Globally, nearly three billion people use polluting, inefficient stoves or open fires to cook their food. In Guatemala, more than half of families rely on open fires to cook. This causes the smoke to fill their homes and results in severe health problems. Approximately, one ton of firewood per-person per-year is used for cooking and heat. Collecting that much firewood takes time and energy or costs money.
The need for firewood as fuel contributes to deforestation. Guatemala loses up to 2,460 hectares of tree cover annually. As a result, deforestation brings soil erosion, loss of animal habitat, and fewer oxygen-producing trees. Due to the high rate of consumption, forests and trees become increasingly scarce, and villagers must travel even further to find wood. DWC’s LIGHT UP GUATEMALA program installs eco-stoves in homes to help stop all the harmful impacts of cooking fires.

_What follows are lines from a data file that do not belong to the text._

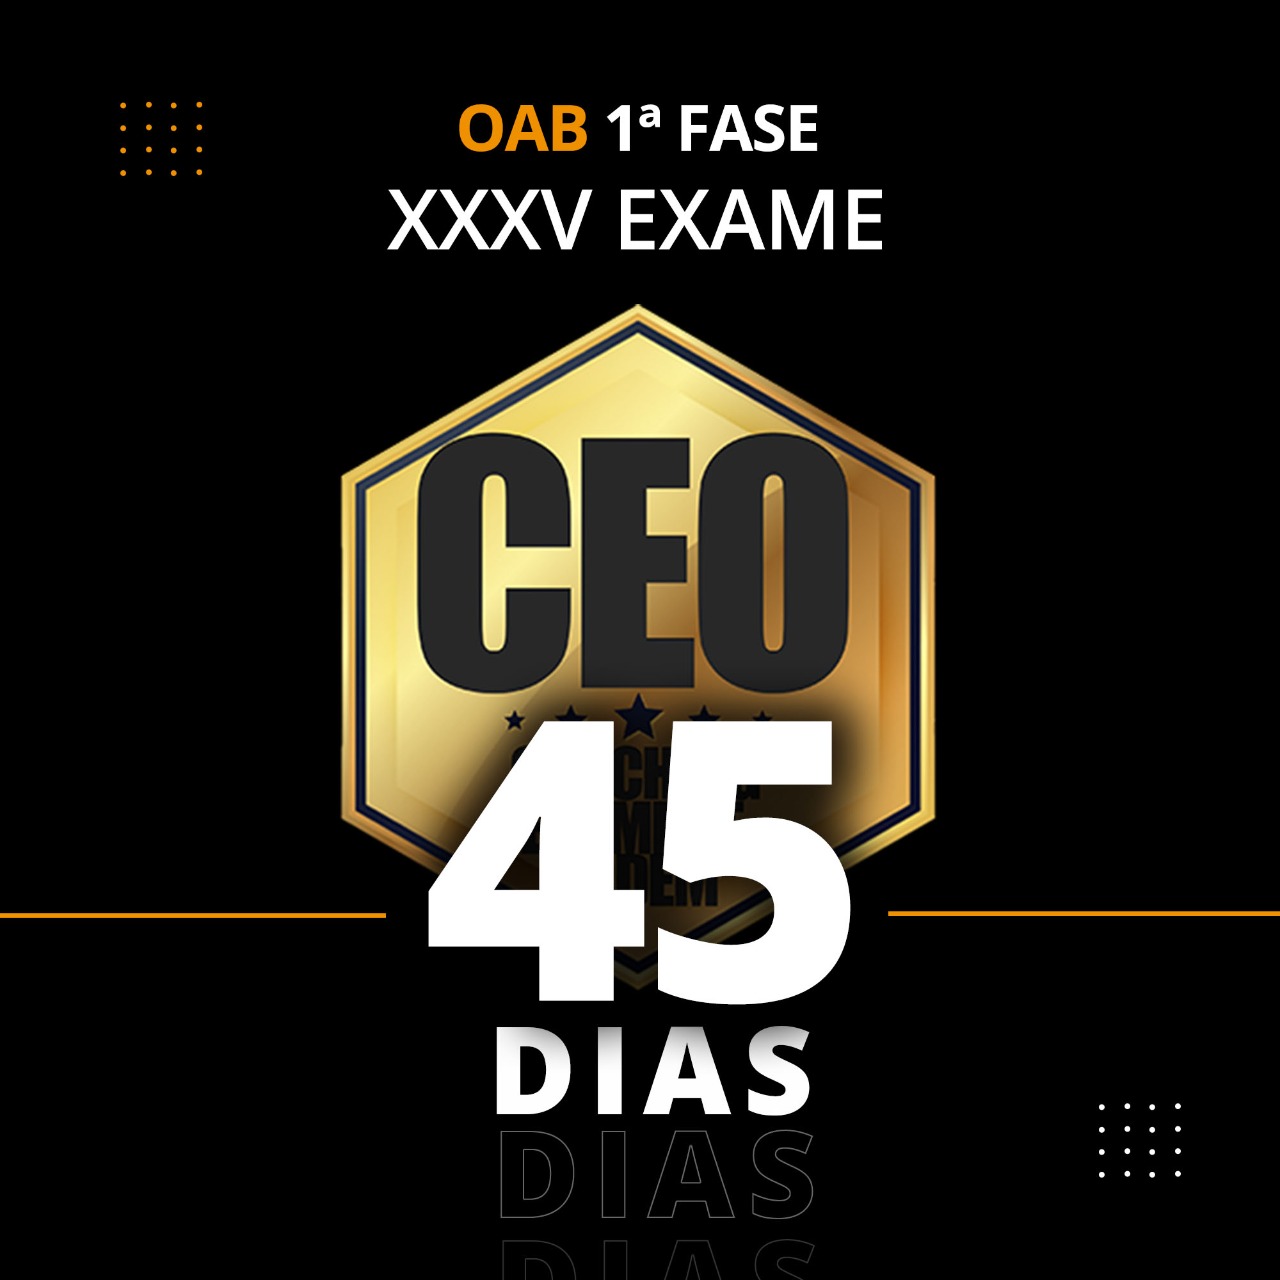 CEO 45 DIAS - XXXV EXAME
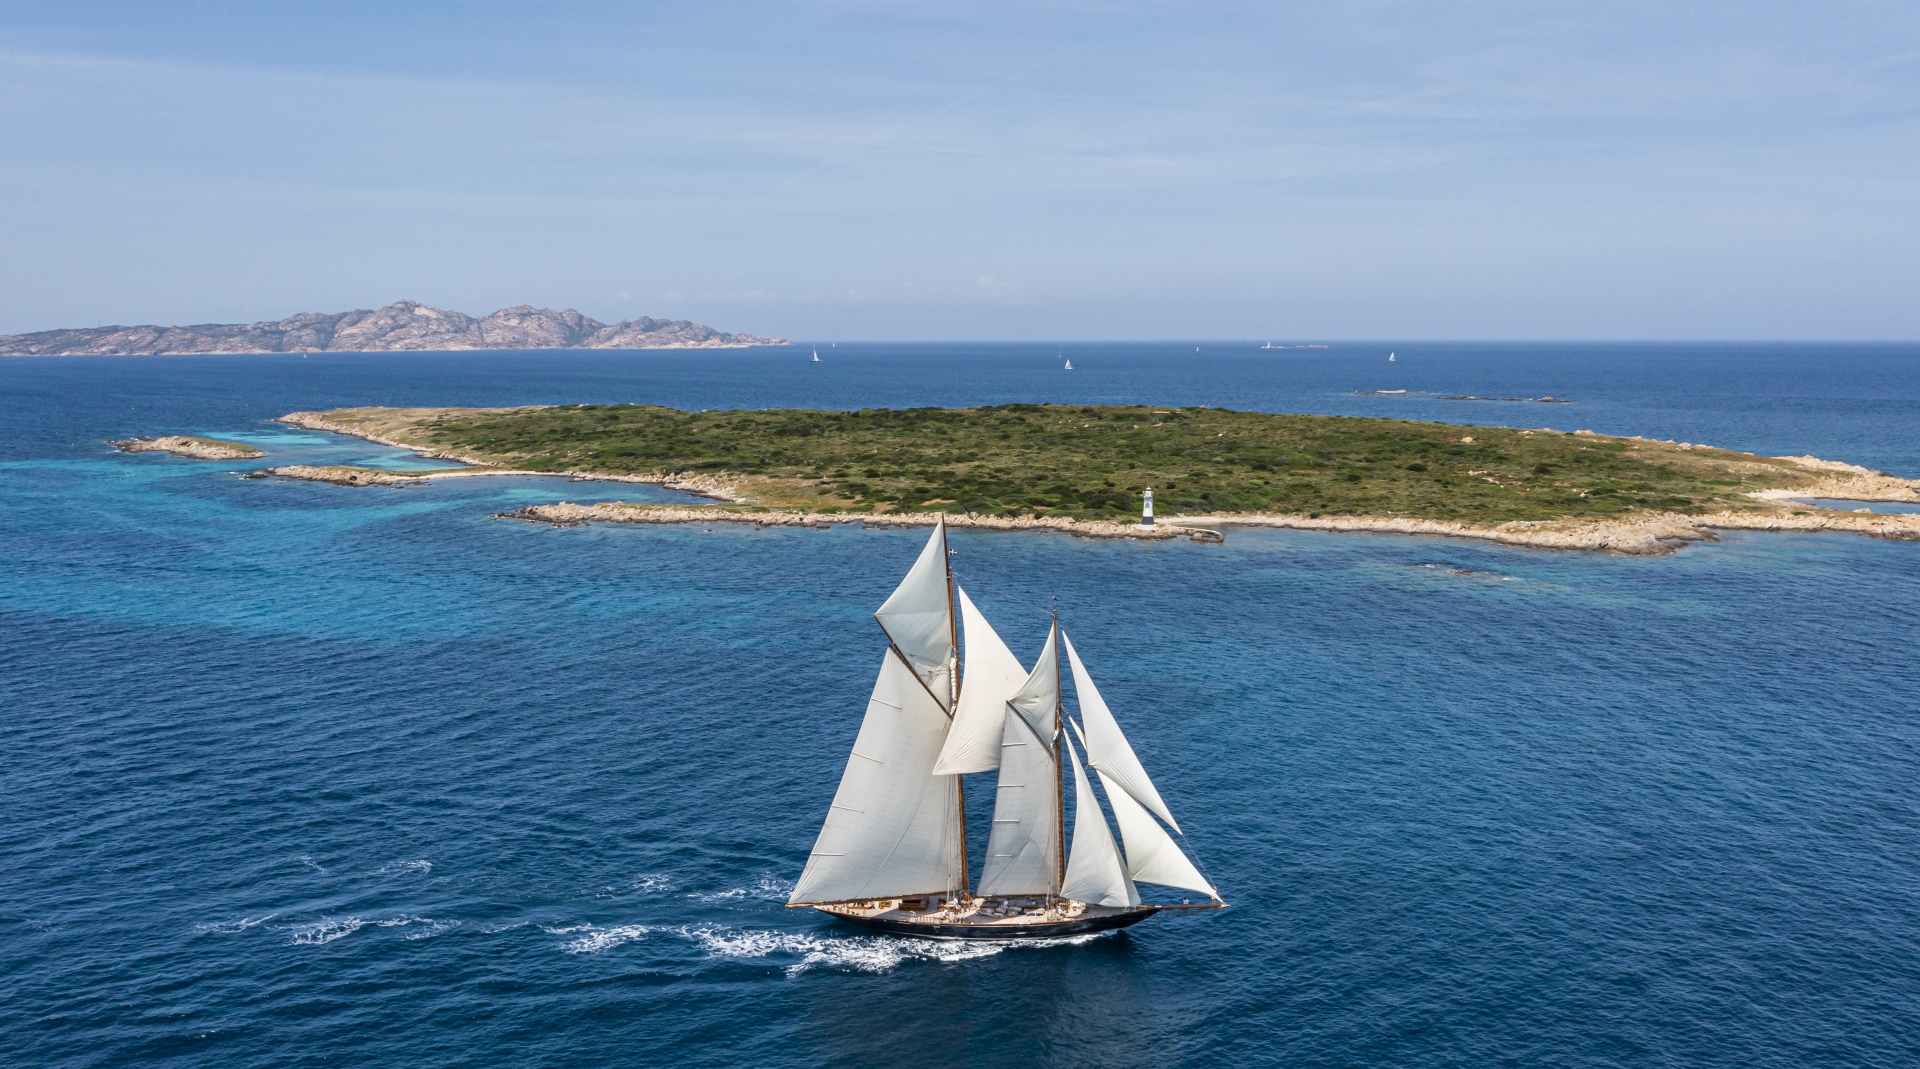 Giorgio Armani Superyacht Regatta, secondo giorno tra le isole dell’Arcipelago di La Maddalena - Comunicati Stampa - Yacht Club Costa Smeralda
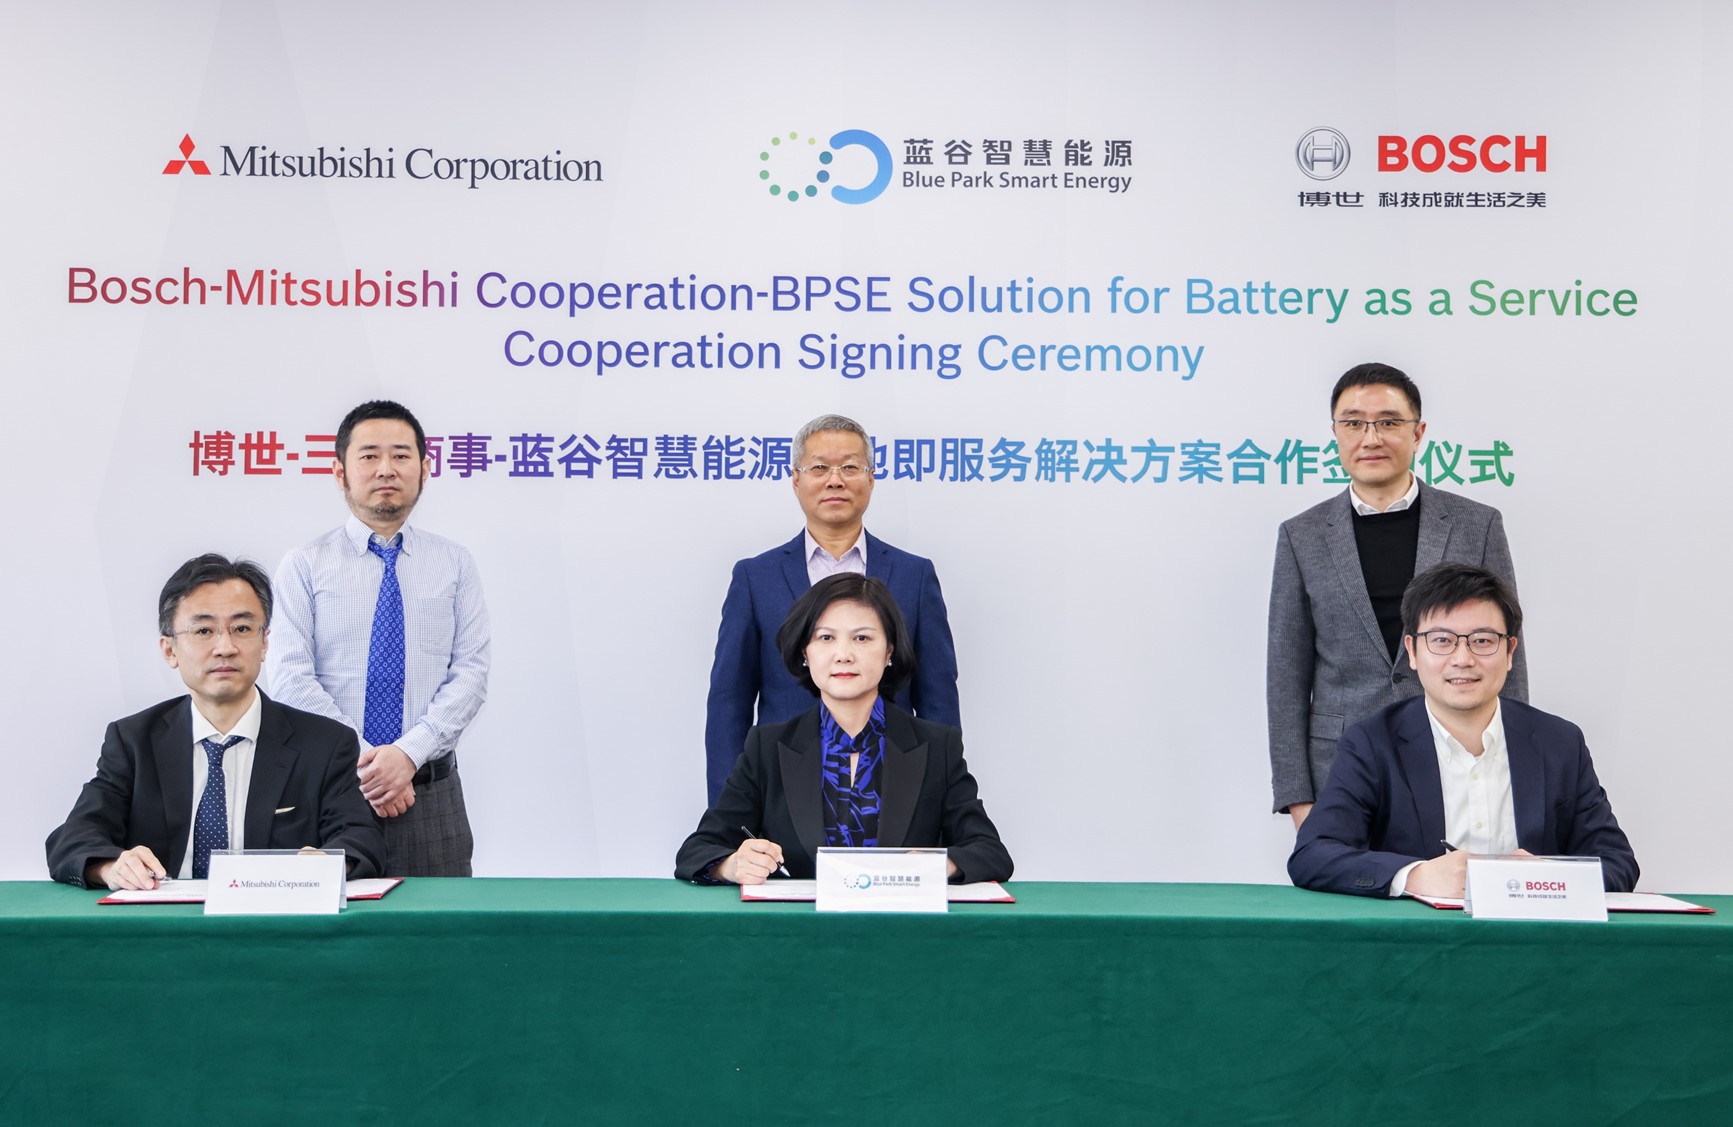 01 博世、三菱商事和蓝谷能源签署战略合作备忘录 Bosch, Mitsubishi Corporation and Blue Park Smart Energy signed a strategic cooperation memorandum.jpg
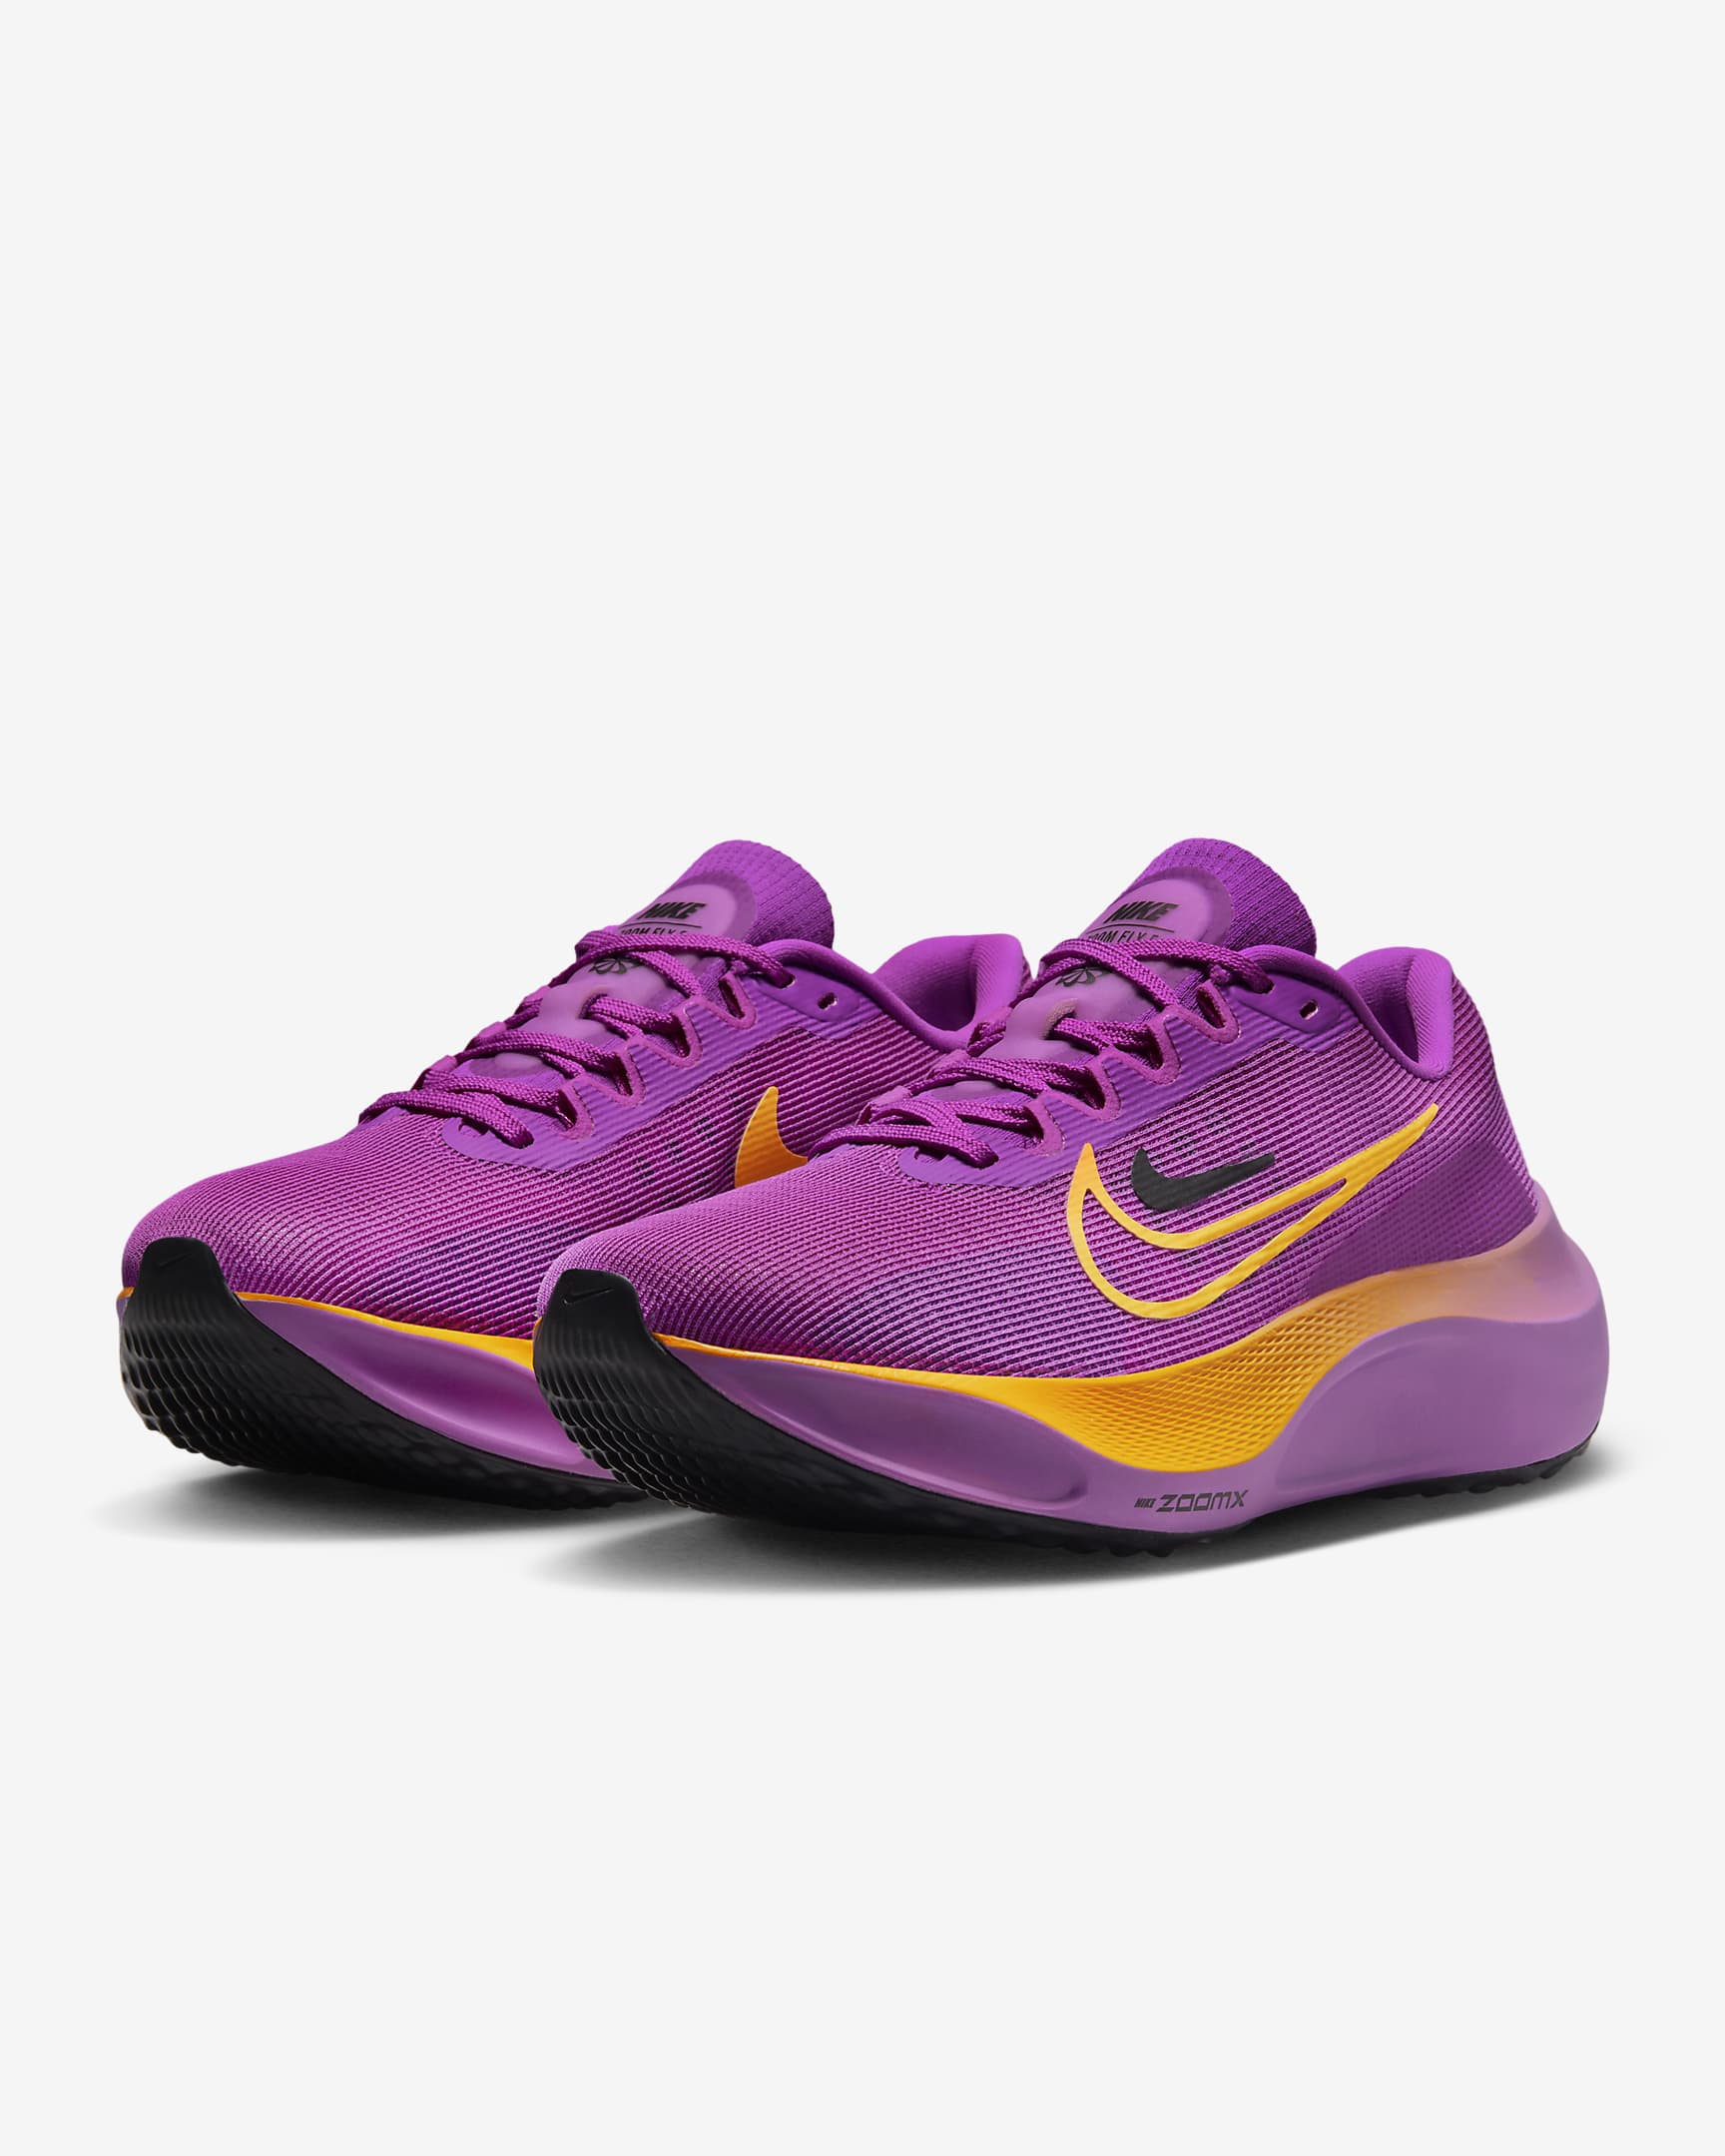 Nike Zoom Fly 5 Women's Road Running Shoes - Hyper Violet/Black/Laser Orange

A vented stove is more environmentally friendly and can prevent a lifetime of health problems, but not everyone can afford one.
Years of smoke exposure can cause pneumonia, cancer, stroke, heart disease and chronic obstructive pulmonary disease.
Respiratory infections are among the leading causes of death in Guatemala, particularly for women and children who spend a lot of time around the fires.
In Guatemala, the average home is shared by 6-8 people. An eco stove instantly improve their lives. Smoke vents outside and firewood burns much more efficiently, so less wood is needed. That means less time collecting wood or less money to buy it, and fewer trees cut down.
Angélica is a young lady with a 3-year-old daughter. Her husband works in the fields and she takes care of her daughter and does the household duties. They live with her mother in-law in “El Paraíso”, a beautiful area in the skirts of the volcano.